Would you please to tell at which firms the α-Fe₂O₃ and ZnO materials, as the first step agents have been purchased? It should be say that the ZnO materials have produced by the different firms with the different initial parameters. The procedure to make the Fe₂O₃:ZnO sputtering target (High Vacuum Magnetron Plasma System) is general and it is not contradicted with known technical approach. It is interesting the visualization data shown all technology steps in Figure 2: Schematic block diagram of the HPV sensor fabrication.

Experimental part. Gas sensing test section.

It is good! In the text body please tilt the Latin symbols, for example, the sensor yield and resistances values.

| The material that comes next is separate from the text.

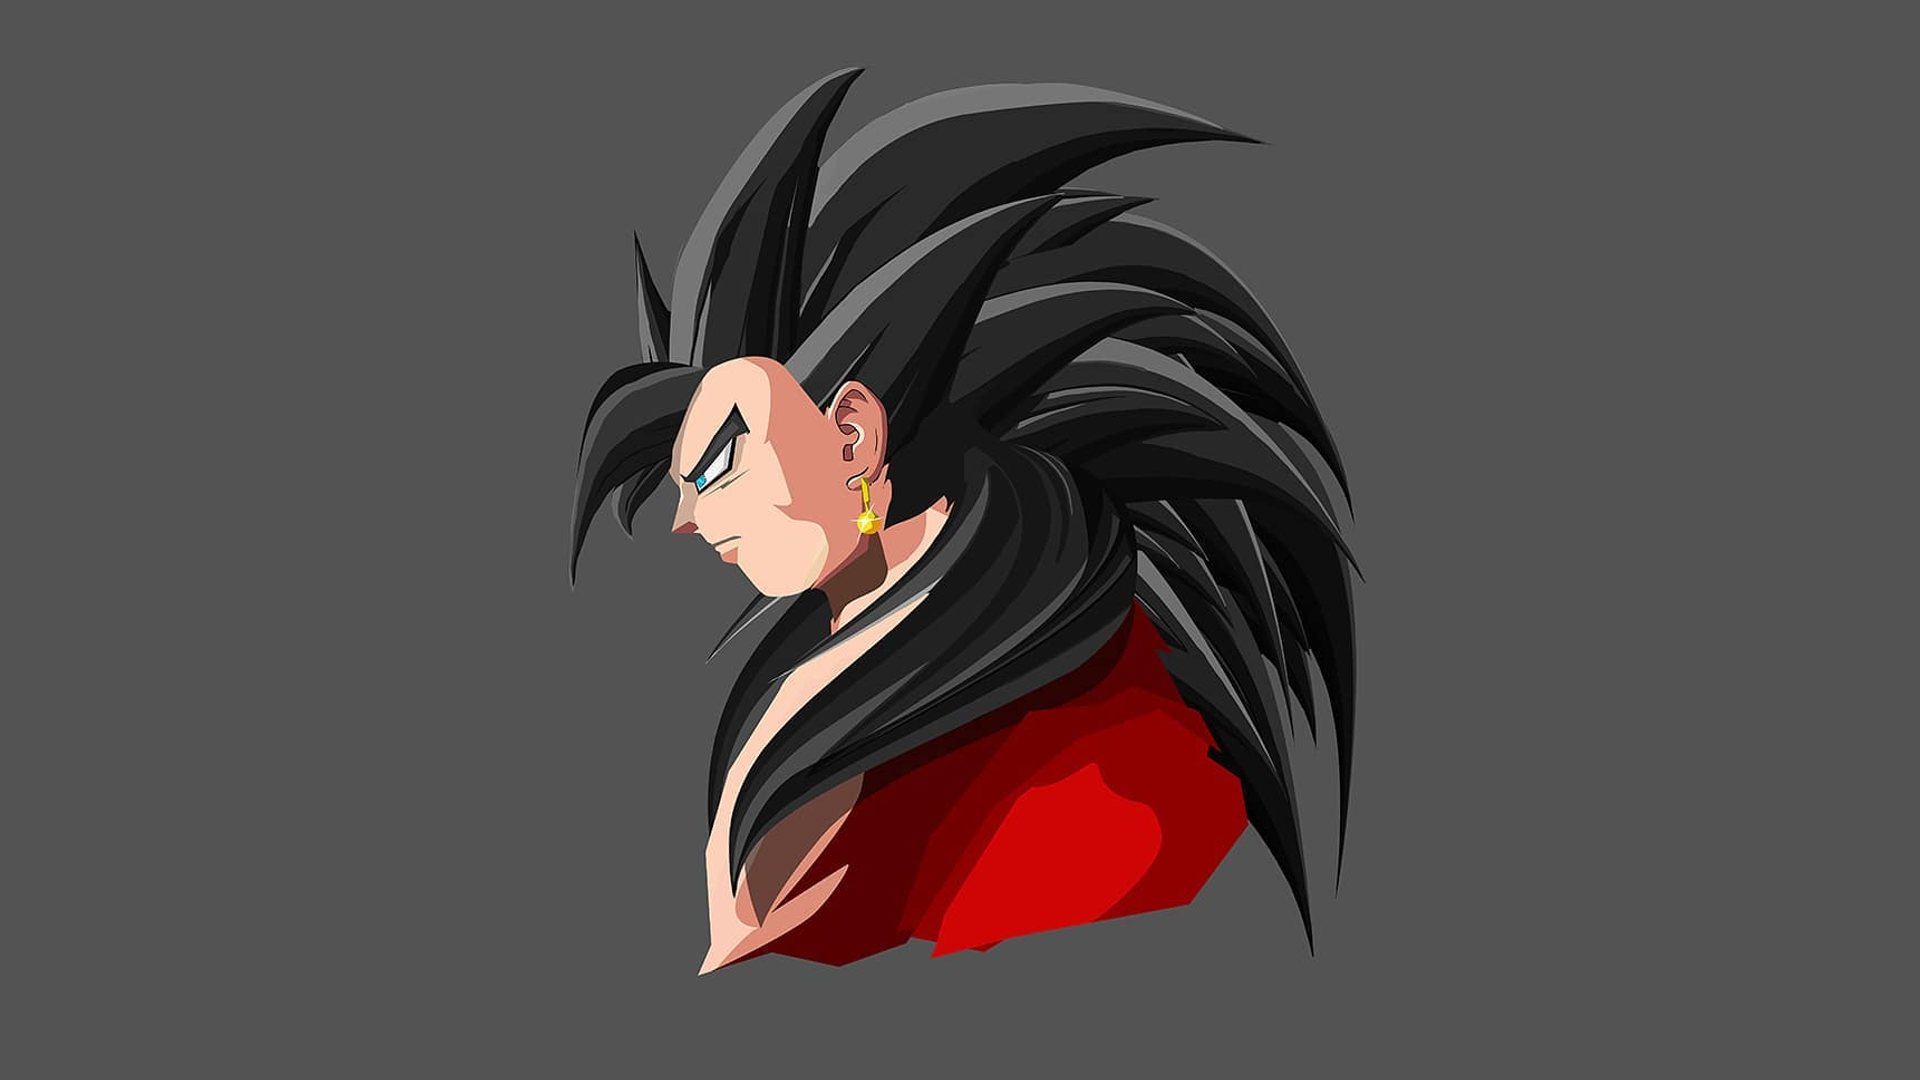 Goku by BossLogic

Experimental part. Characterization section.

SEM images of the Fe₂O₃:ZnO target material and SEM images of the Fe₂O₃:ZnO film can show for researchers the average pore sizes in the target and homogenously obtained system as film. EDX spectrum of the Fe₂O₃:ZnO target and the film is also very informative data.

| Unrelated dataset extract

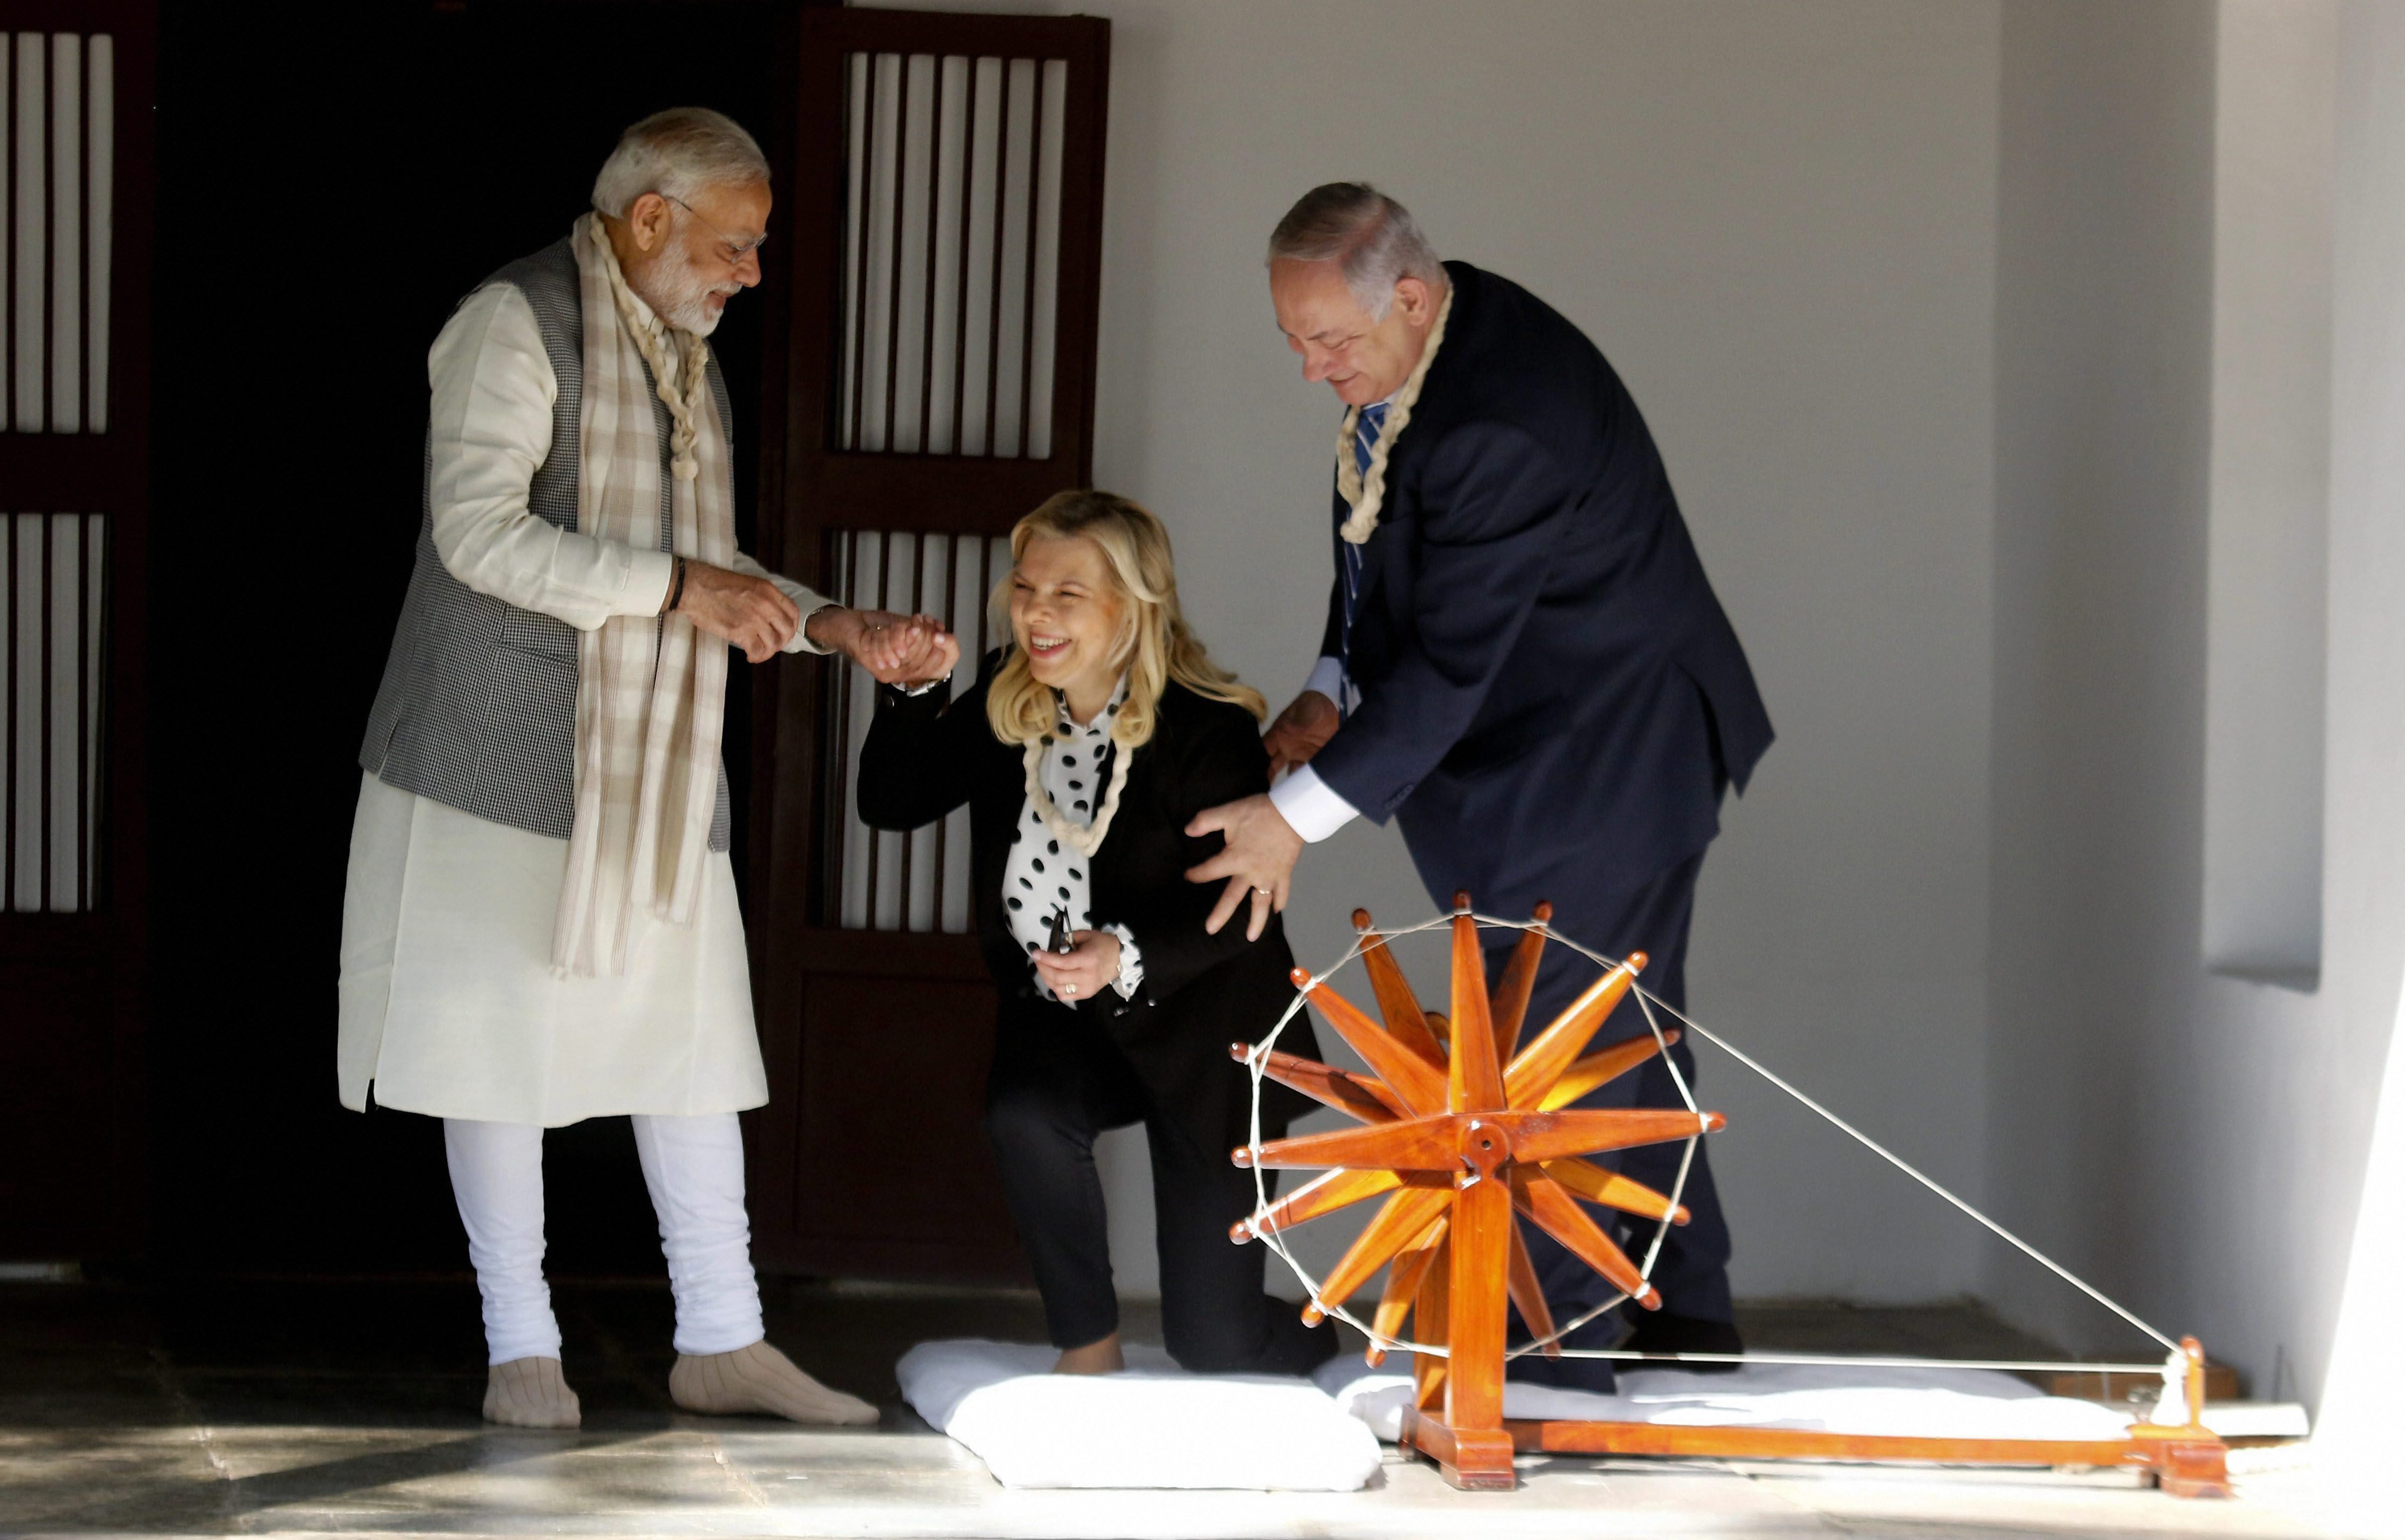 Prime Minister Narendra Modi and Israeli Prime Minister Benjamin Netanyahu assist Sara Netanyahu after she tried a traditional 'charkha' or spinning wheel during their visit to Sabarmati Ashram in Ahmedabad - PTI

Results and discussions section.

Study of the sensor response depended on the operating temperature; dynamic resistance behavior, sensor response via the change of the HPV concentration, etc. are useful.

About the UV treatment. Generally, it is so strong influence of the UV conditions on the density of the materials and their energetic levels. Please explain in the details, how the refractive index can be change in your testing materials after UV use? May be you have created the grating in the materials body, that can influence on the sensor sensitive properties?

Data shown in Figure 12:Selectivity of the Fe2O3:ZnO sensor for HPV under UV irradiation at RT and real time response curves of the sensor to 1.5 ppm HPV and 130 ppm ammonia – can be used in the education process as well!

Conclusion part should be extended. It is not accumulate all good results obtained.

So, the paper is interesting for the specific area for the researchers and students. I can recommend to the authors to answer the questions mentioned above.  Thus, the paper can be published after minor corrections.

Comments for author File: Comments.pdf

Author Response

Dear Reviewer,

First of all, thank you very much for the MINOR REVISION and for the new scientifically weighty considerations and remarks. All new corrections and additions have been marked in bold in the text.

Author Response File: Author Response.pdf

Round 2

Reviewer 2 Report

The authors have answered all the points raised in my previous review and the paper is now clearer and ready to be published on Nanomaterials.

Reviewer 3 Report

Thanks to the authors for their revision of the manuscript weich can in my opinion be published as it is now.